Purging Piwik Logs Documentation Error, or What?

On a site I work on, we have a privacy policy that says we will delete all personally identifiable information older than 12 weeks. I’m trying to make sure I’ve done this in Piwik, but I’m a bit confused by the docs.

In this FAQ, it says that the way to purge logs is by turning on the archive.sh script, AND running a custom SQL command [1].

That makes sense to me, but I have archiving set to run once a day, and looking at what the archive code does, it seems like the above SQL is completed by the archive.sh script anyway.

For example, when I look at my logs[2], they go back to the first of each month, and then end.

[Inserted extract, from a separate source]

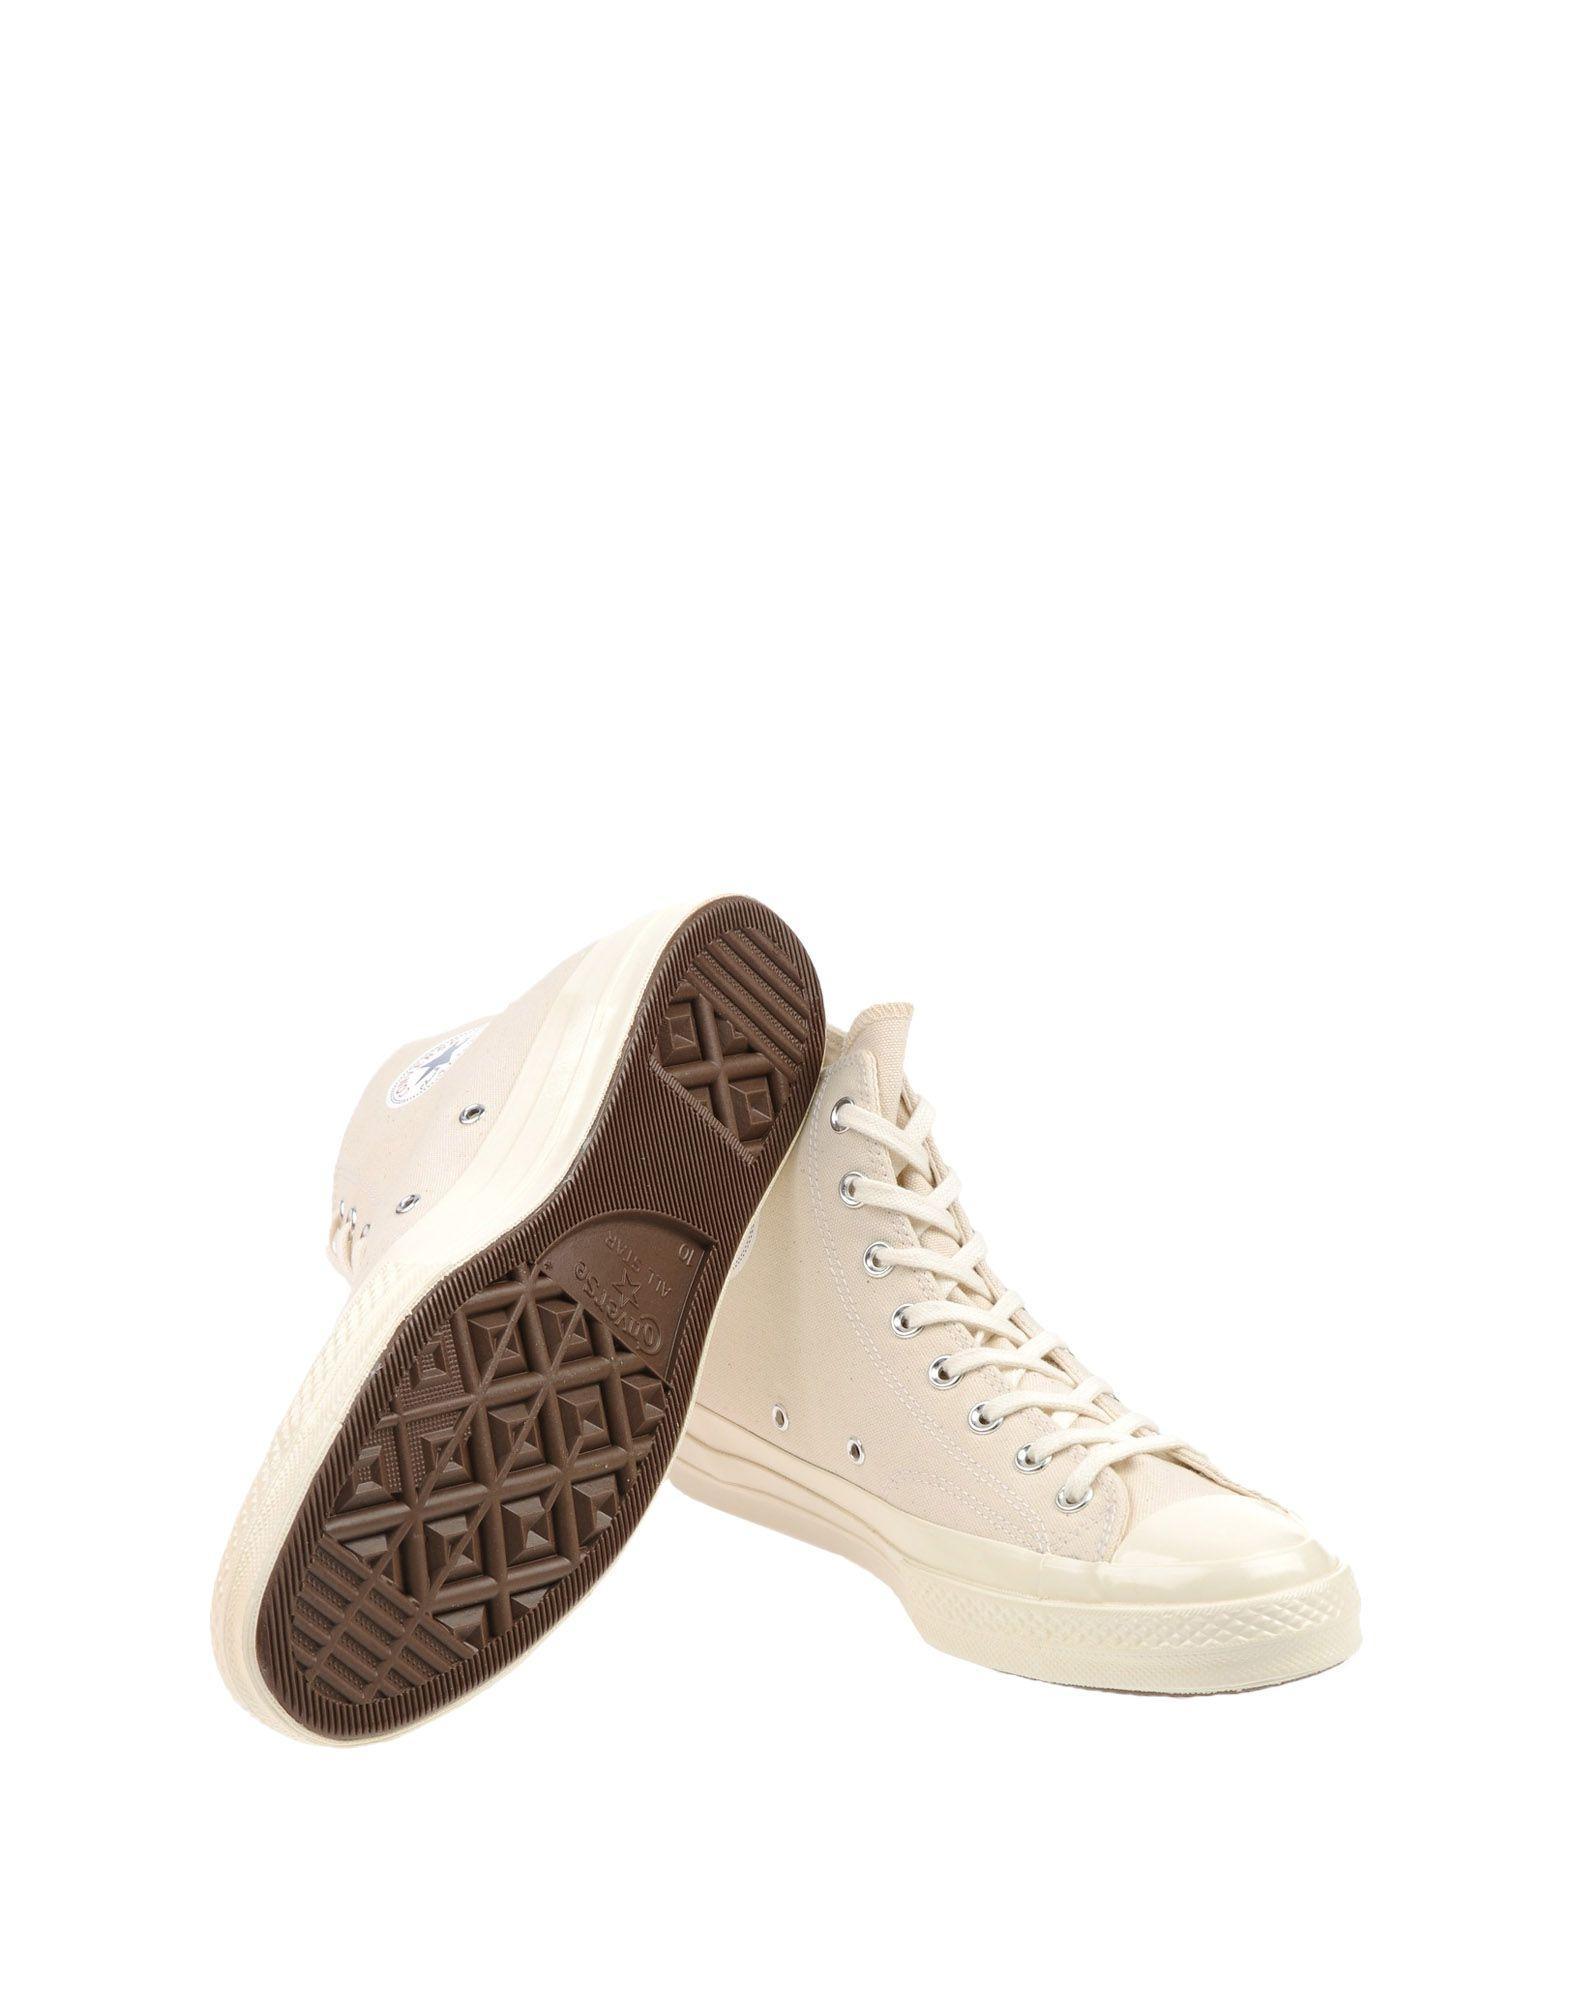 Rabatt echte Schuhe Converse All Star All Star Prem 11015691WB Hi 1970'S Canvas  11015691WB Prem bf82f2

And when I look at the code in archive.sh, it seems to indicate logging for the day, week, and month. And, I don’t have any other commands that would be truncating the logs at the first of each month.

Is this an error in the documentation, or am I missing something? If the archive.sh script is doing what I want it to, then I’m pleased as punch, and we should update the FAQ mentioned above. If not, then I’m really confused.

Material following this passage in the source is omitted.